The Strandbeests are heading to Chicago! From February 6 until March 1 they will be on view at the Chicago Cultural Center, before traveling to San Francisco’s Exploratorium. ‘Strandbeest: The Dream Machines’ of Theo Jansen celebrates these wholly unique kinetic creations that blur the lines between art, science and storytelling. Working along the Dutch seacoast, Jansen has spent the last 25 years developing and evolving his Strandbeests, which today have become a global phenomena. Their inherently interdisciplinary nature attracts enthusiasts from a broad array of disciplines: from engineers, biologists and philosophers, to environmentalists, futurists and makers.
February 5, 7-9 PM | Opening reception with the artist
February 6, noon – 4 PM | STEAM family day
February 7, 1-3 PM | Theo Jansen & Lawrence Weschler Discussion
As the wind rises on Scheveningen Beach in the Netherlands, Jansen’s Strandbeests spring to life. Pistons, crankshafts and complex leg systems – all rendered from humble PVC tubing and zip ties – begin their symphonic movement across the seaside expanse. Drawn to the hauntingly elegant locomotion, crowds gather to watch Jansen tend his Strandbeests and share in his wonder as the creatures animate with every breath of wind.
With a singular focus and sense of play, Jansen has developed his Strandbeests from rudimentary structures into intricate, autonomous creatures that can respond to environmental changes by storing wind power, anchoring against oncoming storms and tacking away from the water’s edge. Originally inspired by the threat of rising sea levels, Jansen imagined a mechanical creature that could pile sand back up on the dunes. As time went on, Jansen became more fascinated with exploring ideas around the origins of life.
An annual rhythm structures the Strandbeests’ life cycle. Innovations are imagined and explored in the studio in winter, then tested and adapted on the beach in summer. Each new species of Strandbeest boasts new tactics and adaptations for their seaside survival. By fall, the creatures have outlived their evolutionary use and become part of Jansen’s fossil record. Like evolution itself, this process is ruthless, searching and unending.

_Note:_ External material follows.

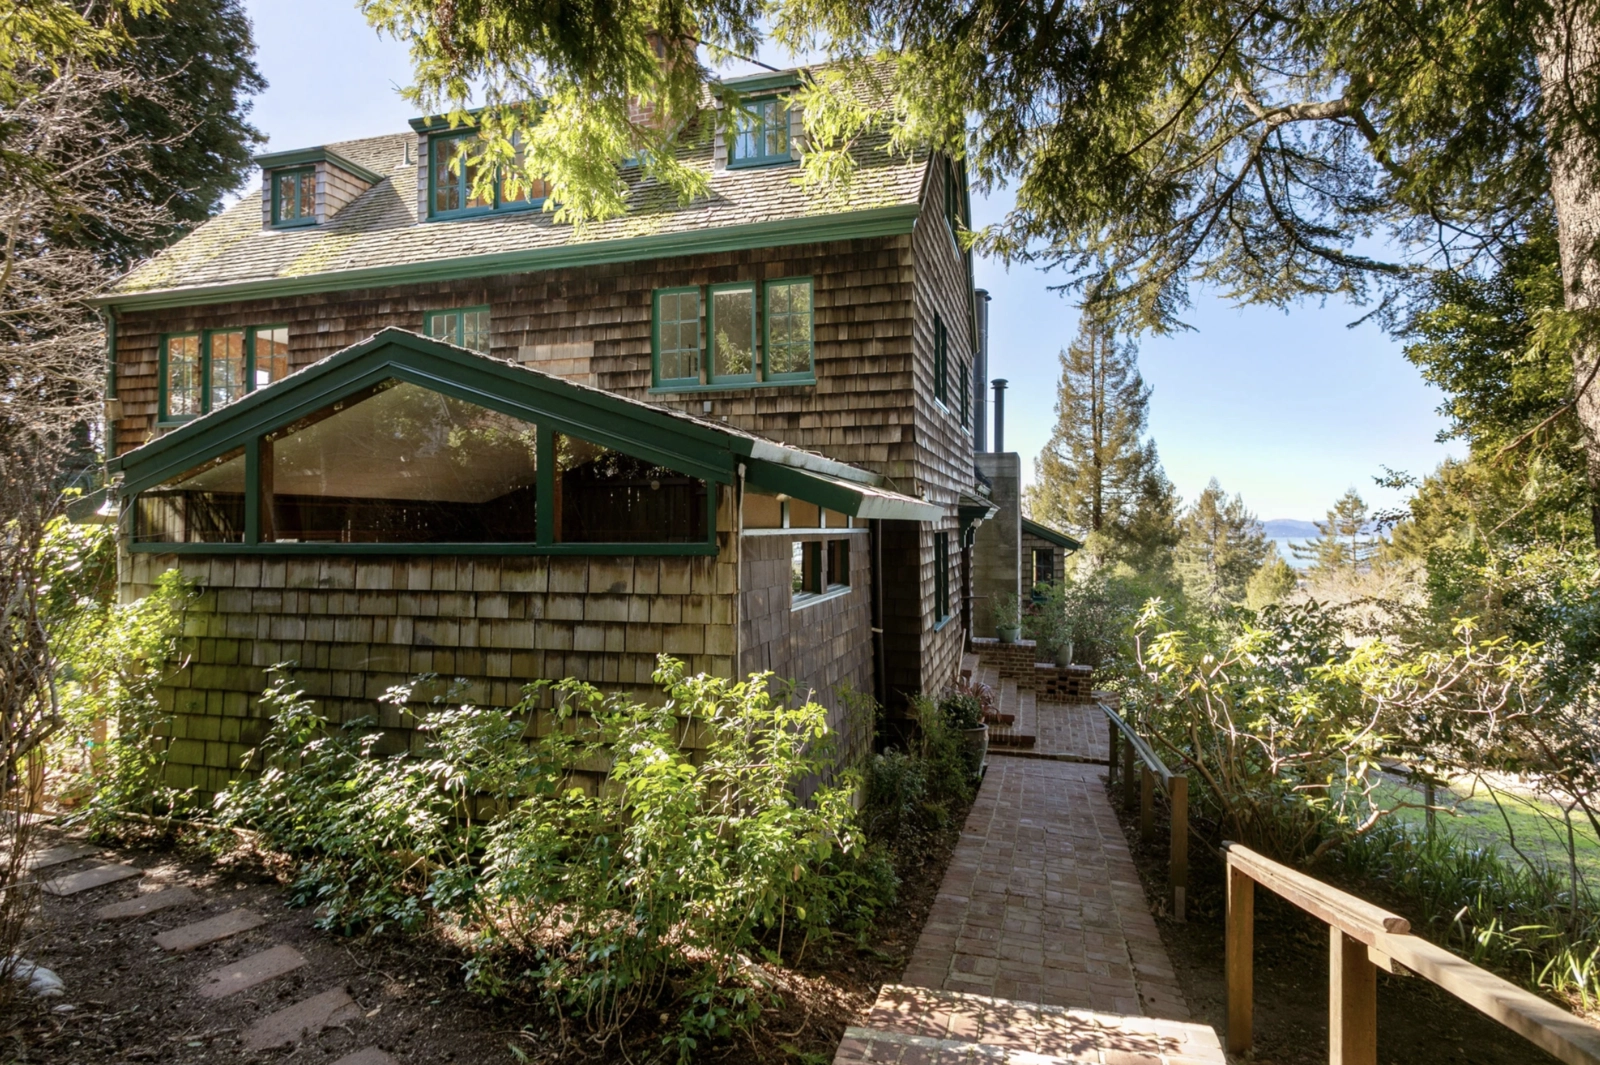 Wyjątkowy dom z Berkeley trafia na rynek po raz pierwszy od 60 lat

The artist first came to prominence in 1980 when he flew a “UFO” across the skies of Delft, Holland. For the past 20 years Jansen has been creating and exhibiting his dramatic Strandbeests. He has appeared on multiple TED Talks, been the subject of a profile in The New Yorker and shown his work in Asia, Europe and now the United States. A trained physicist, Jansen’s Strandbeests bridge the gap between art and engineering, attracting a broad array of followers: from engineers, biologists and philosophers, to environmentalists, writers and makers.
“Normally evolution has millions of years to take place but I may only have another 20 years to work,” said Jansen. “I am always dreaming about the future of the Strandbeests. By the time I leave the planet, I want to leave a new species for you.”